In its preferred microhabitat, this darter is usually associated with the speckled madtom (Noturus leptacanthus) and the blackbanded darter (Percina nigrofasciata), and often with southern brook lamprey (Ichthyomyzon gagei) larvae. The blackbanded darter appears to be the most ecologically similar species to the gulf darter; however, the extent to which they may compete is not known. The blackbanded darter forages in a much wider variety of microhabitats and does not exploit vegetation or organic debris to the extent the gulf darter does.

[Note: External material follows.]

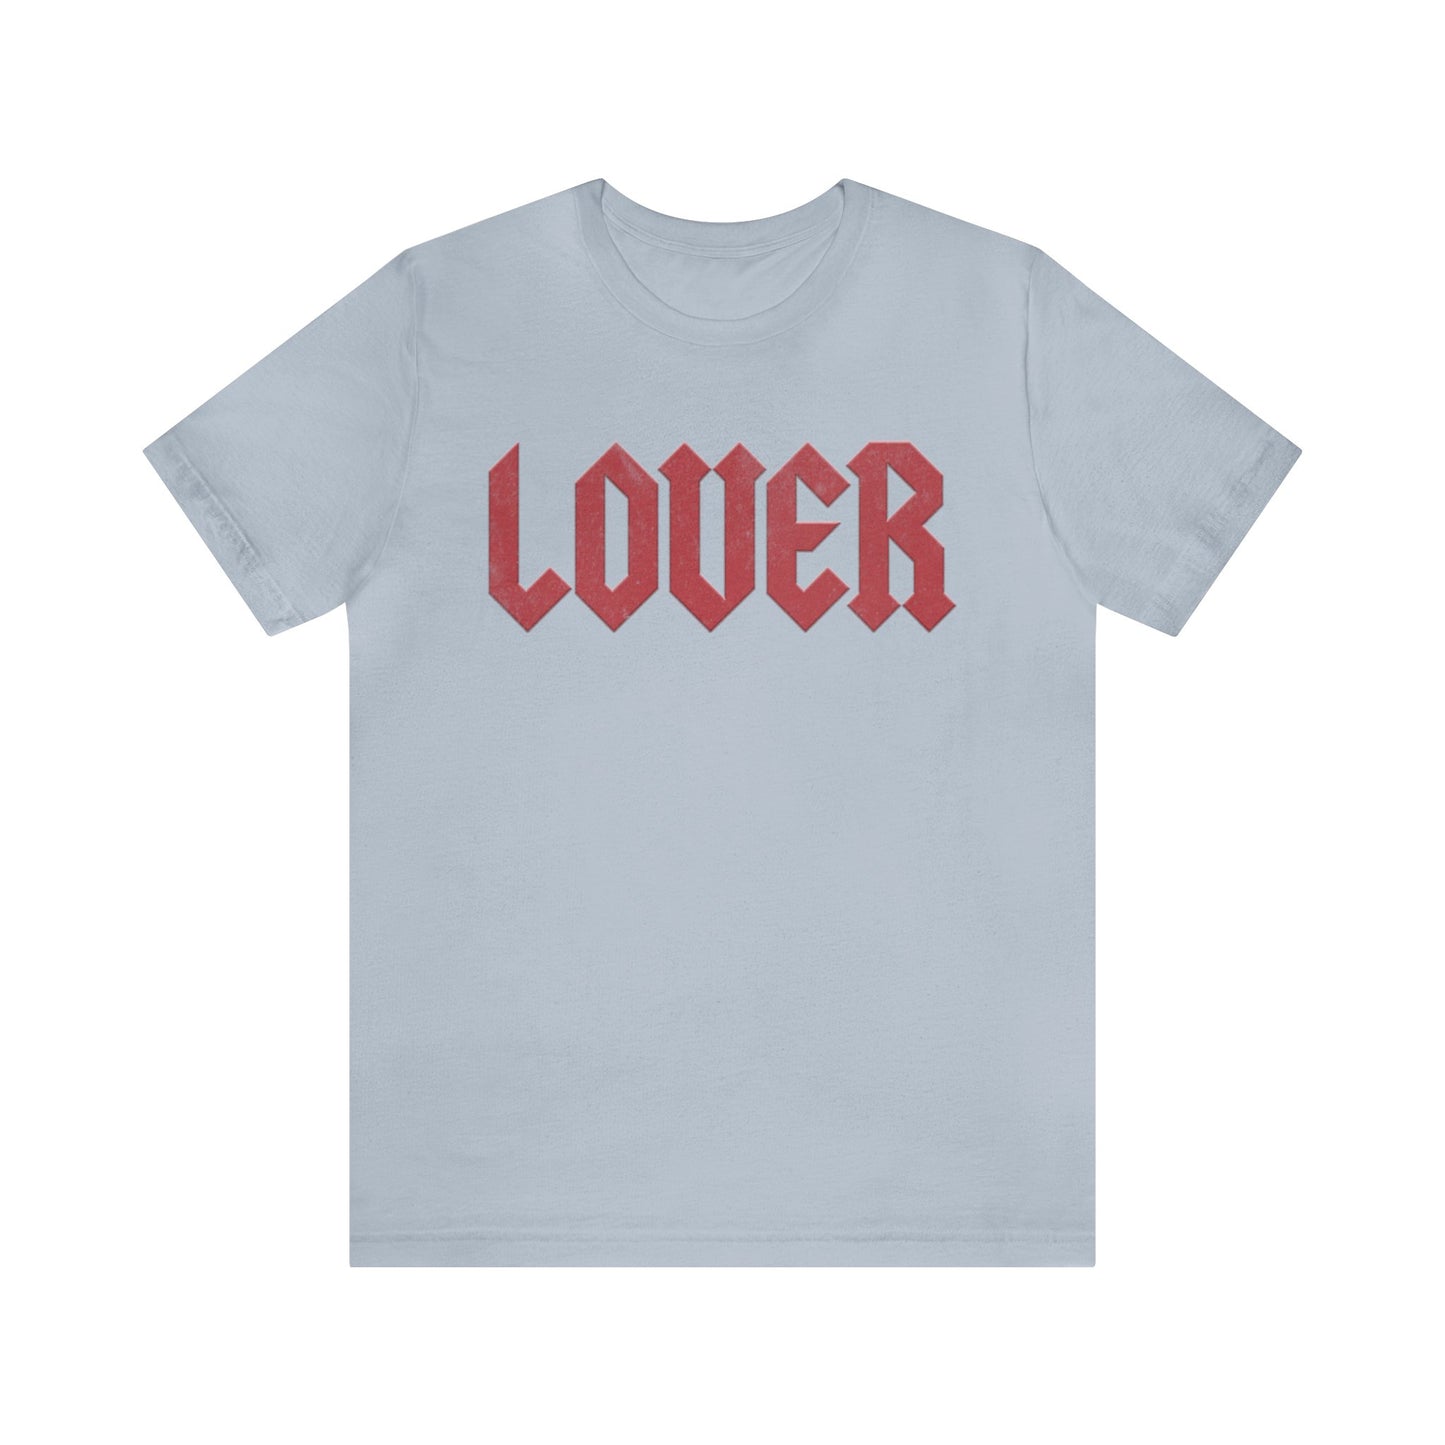 Retro Lover Shirt, In My Valentine Era Shirt, Happy Valentine's Day Shirt, Gift for Girlfriend, Valentine Gift for Wife, Couple Shirt, T1309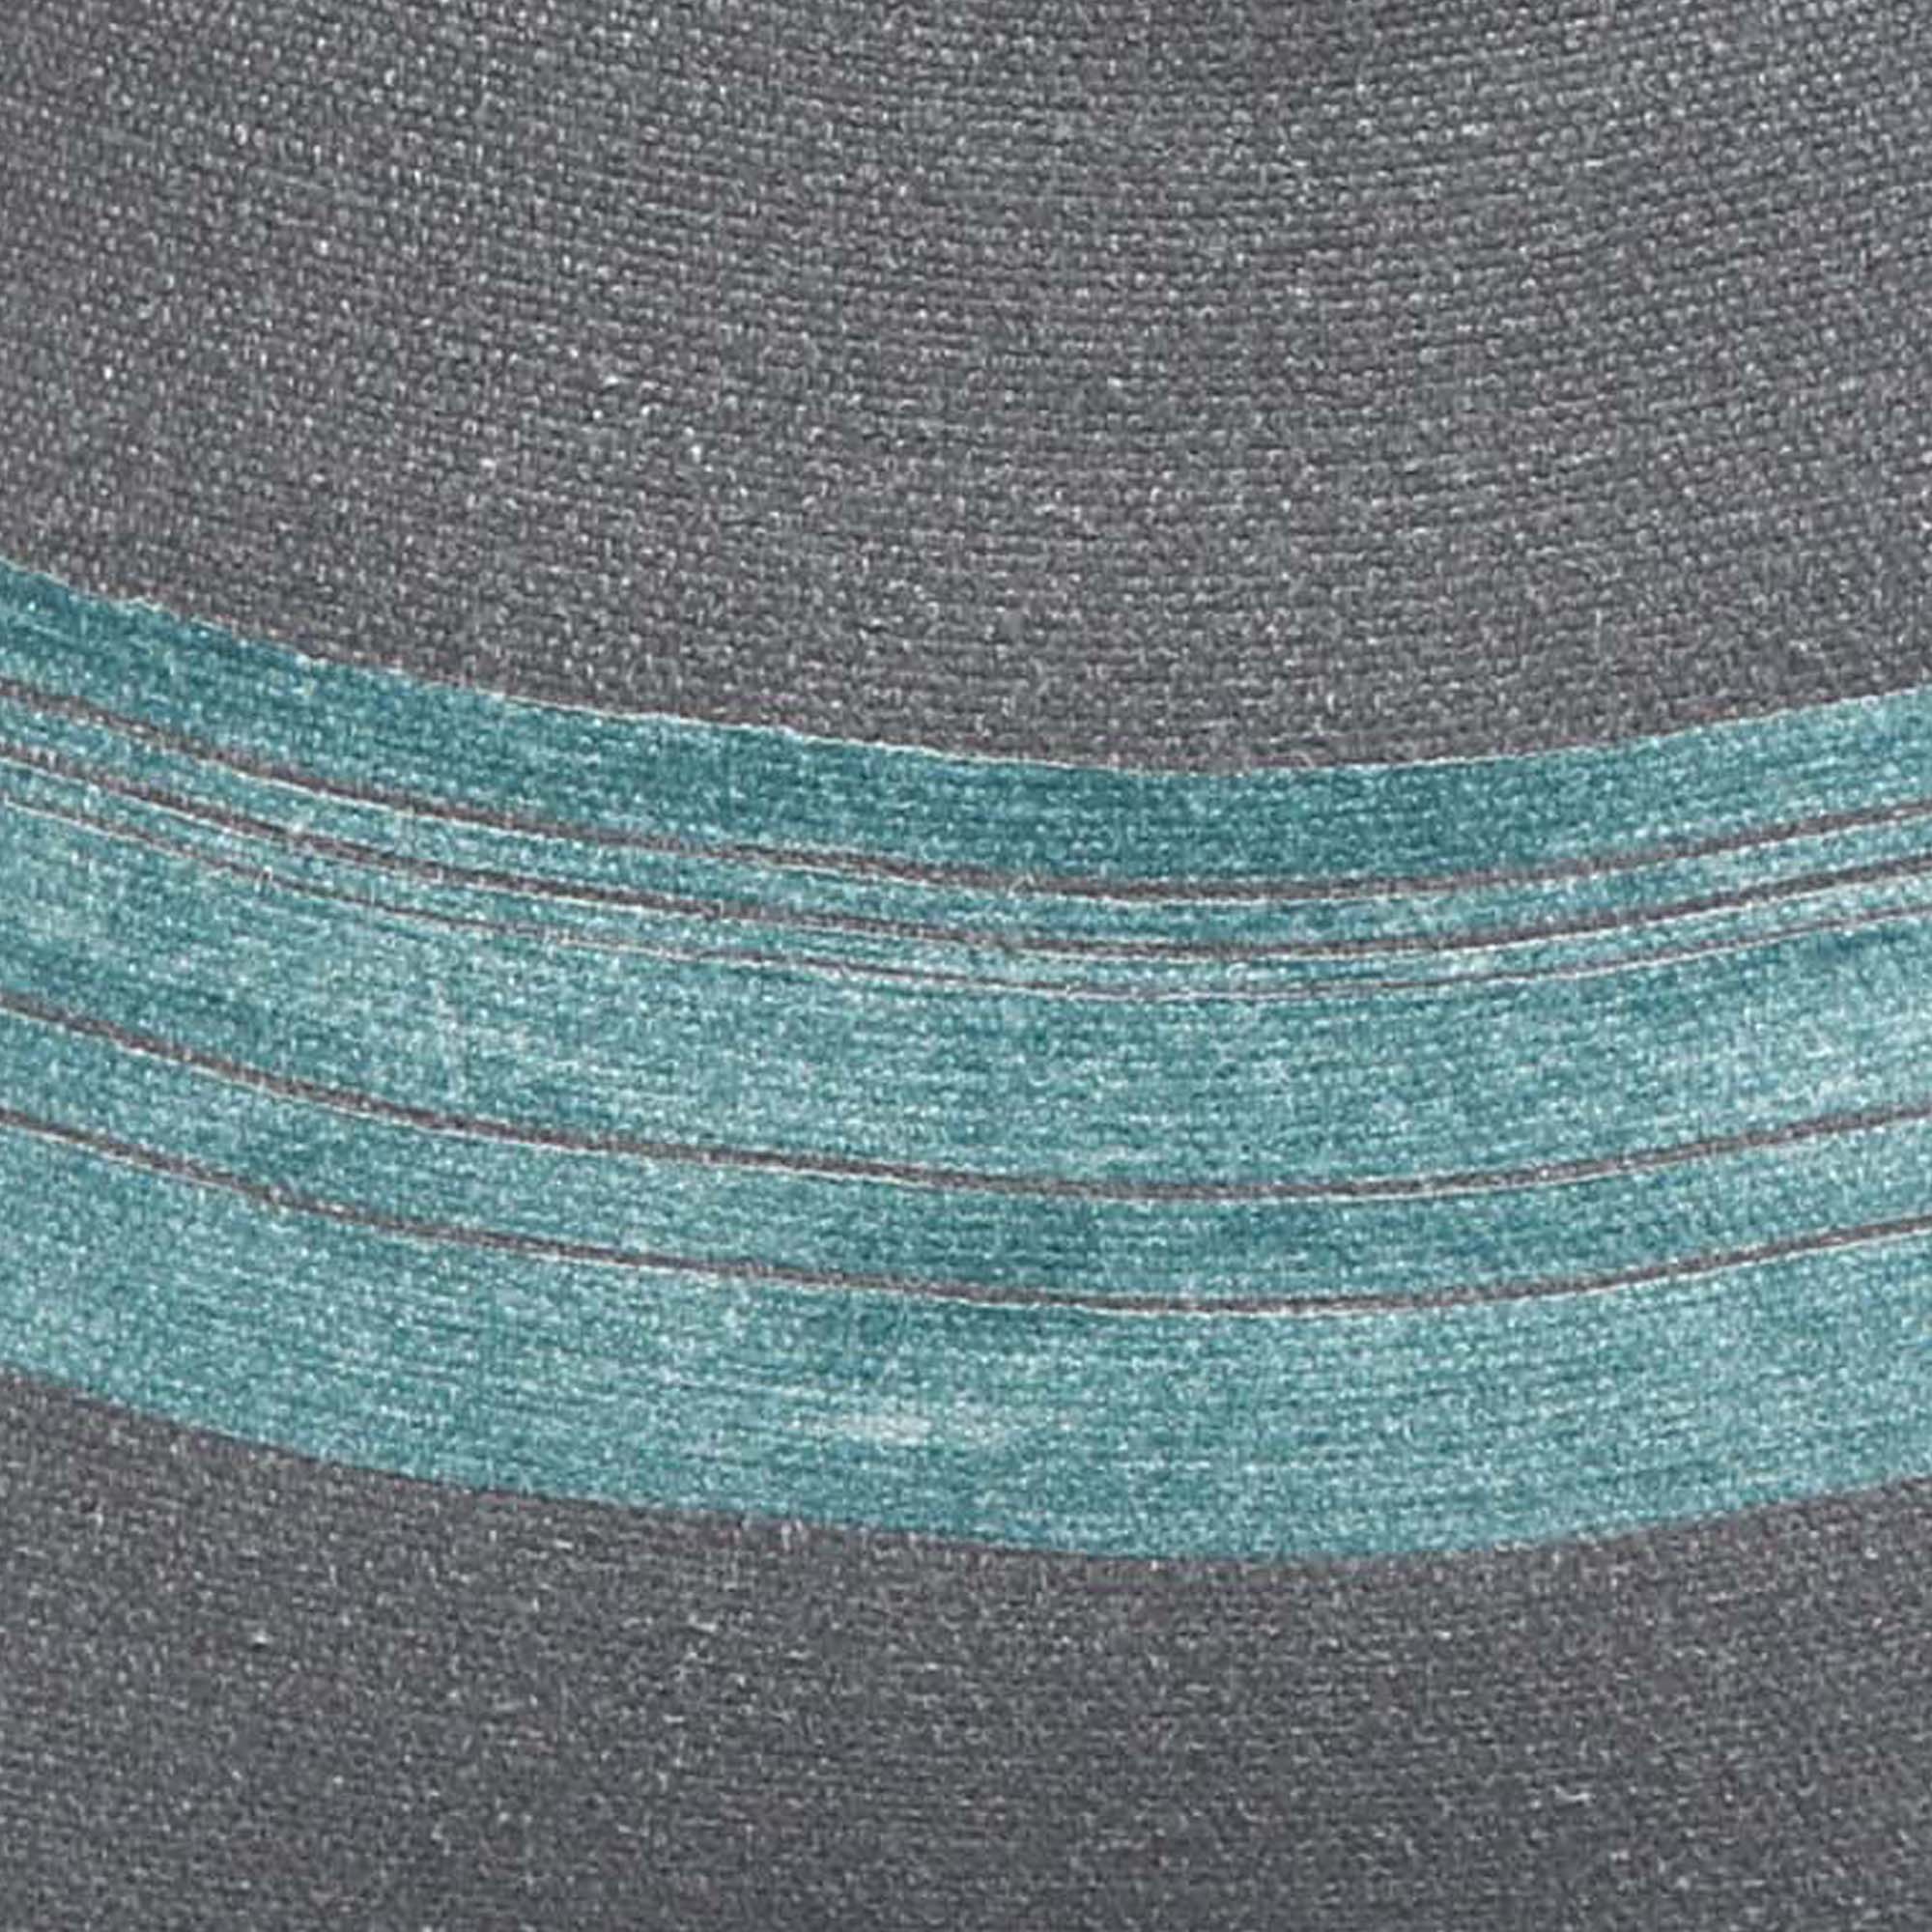 Askew Jade Linen / 4x4 inch Fabric Swatch

Gulf darters are classified as insectivores, feeding on small invertebrates, including black flies, mayflies, and dragonflies. One studied found larval dipterans are the most important food items in fish of all sizes, in which chironomids were found in 71–100% of the stomachs examined. The primary predators of the gulf darter probably are larger freshwater fish, such as burbots (Lota lota), stonecats (Noturus flavus), and smallmouth bass (Micropterus dolomieu). Gulf darters, like many other darter species, have the ability to maintain position on the substrate in flowing water. This unique characteristic plays a key role in its microhabitat preference.

==Lifecycle==
Gulf darters may live up to 35 months. The gulf darter mates during mid-February to late March, typically when water temperatures are between 5.5 and 17.0 °C; they congregate on gravel shoals where the stream leaves a pool to mate. Once mates are selected, the fish mate repeatedly for several days until the female lays about 90 eggs. Once the eggs are laid, females will begin burrowing into the gravel, submerging herself and the eggs, as a form of protection. Males tend to exhibit territorial behavior during breeding season.

==Taxonomy==
The Gulf darter was first formally described in 1877 by the American biologist David Starr Jordan (1851–1931) with the type locality given as a tributary of the Pearl River at Monticello in Lawrence County, Mississippi. The specific name honors the biologist Joseph Swain (1857–1927), who was a colleague of Jordan's.

==Conservation==
Gulf darters may be threatened by runoff and pollution due to urbanization. For instance, one study found the development of an interstate negatively affected the abundance of several fish species, including the gulf darter, by decreasing quality of water of the nearby creek. No current management plans specifically designed for the gulf darter are in place. The population trend of this fish seems to be stable and it is a common species with numerous sub-populations over a wide range, and the International Union for Conservation of Nature has assessed its conservation status as being of "least concern".